Electronic monitoring is an option increasingly used by Georgia courts and sheriffs as an alternative to jail for those who have pleaded guilty or been convicted of certain crimes. It can also be used while awaiting trial as an alternative to sitting in jail.
It typically involves wearing an “ankle bracelet” that tracks a person’s location. For counties throughout Georgia, it helps reduce jail/prison overcrowding. It allows people to continue working and participating in any “assigned educational or other rehabilitative program.”
Who can qualify for electronic monitoring?
Not just anyone can choose electronic monitoring instead of jail. Under Georgia law, for a person to be approved for it, they should generally meet the following qualifications:
- Have no record of “assaultive offenses of an aggravated nature” or history of some other offenses, like drug trafficking or distribution, or attempting to escape from authorities in the past five years.
- Not have any outstanding warrants or orders
- Not have any conditions that would “interfere with the ability to work on a regular schedule.”
- Work only for a “legitimate, recognized, and established employer.”

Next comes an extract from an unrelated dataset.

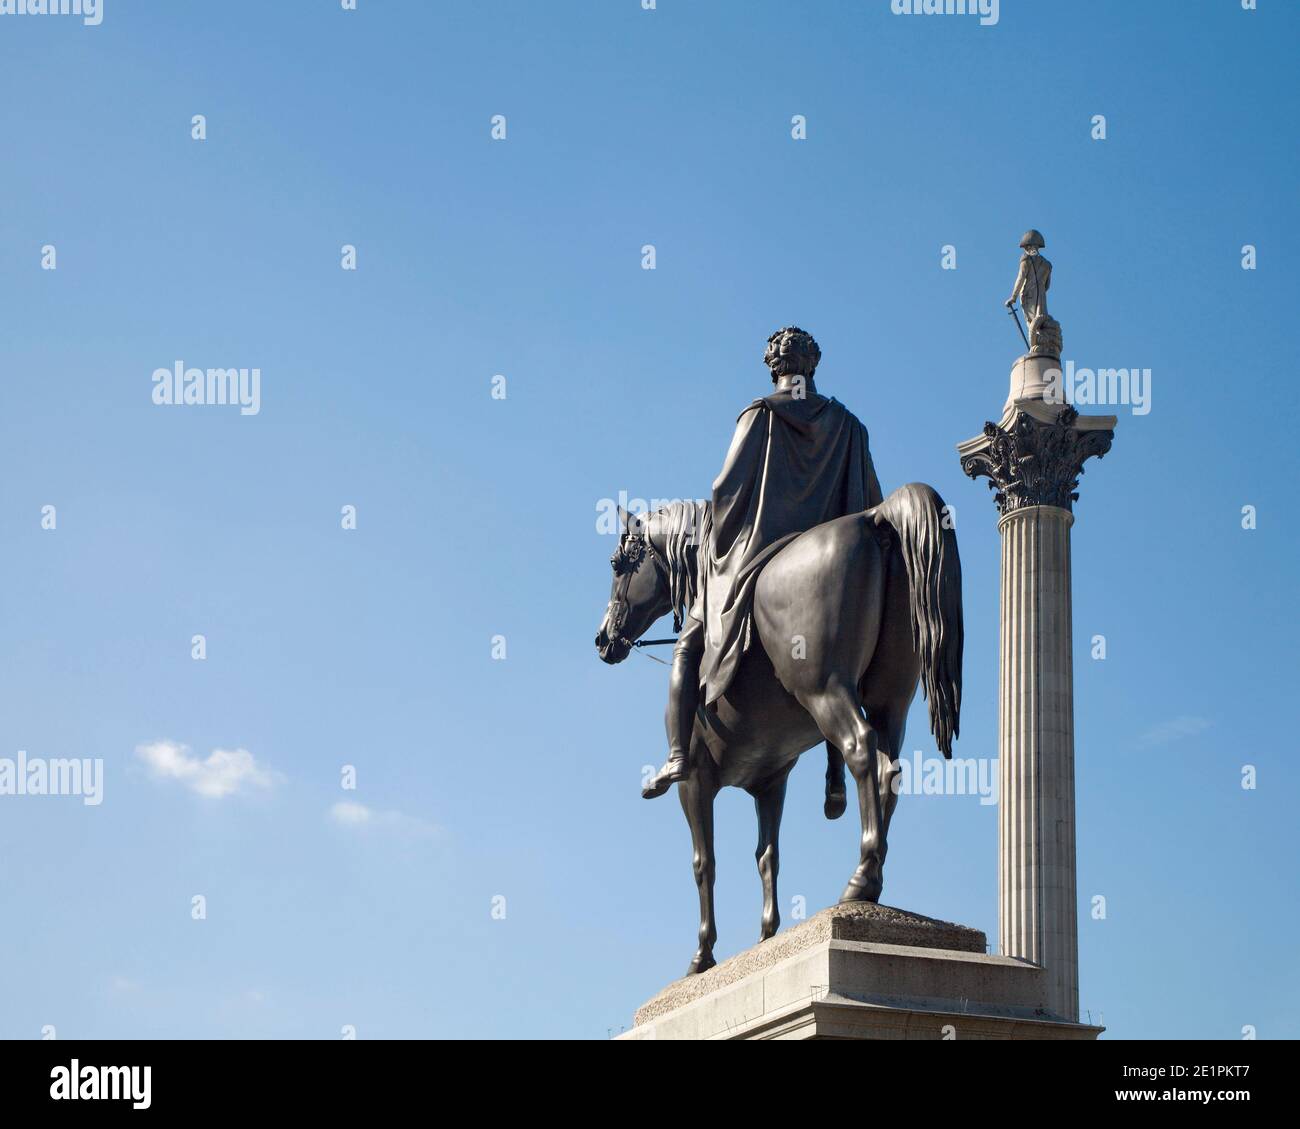 Londres - la colonne admirale Nelson et la place du roi Charles I Trafalgar. Banque D'Images

Going anywhere besides between your home and the approved locations for any reason or attempting to disable or remove the ankle bracelet can land you in serious trouble. Besides having to give up your right to home arrest, you can be charged with a misdemeanor and potentially with attempting to escape. Once you breach the requirements of home arrest, it’s no longer an option for the current offense.
Know what electronic monitoring involves before you do it
If you have the option of home arrest, either as you’re awaiting trial or as a penalty for a criminal offense, it’s crucial to understand the rules and be certain that you can follow them. Sometimes, people dealing with a DUI are fitted with ankle bracelets that can detect alcohol in a person’s perspiration. Whether yours does or not, if not drinking is a condition of your home arrest, that must be followed as well.
Further, while ankle bracelets are no longer just an option for the wealthy and well-connected, there are financial costs involved. However, by being able to continue working, you can more than defray the cost.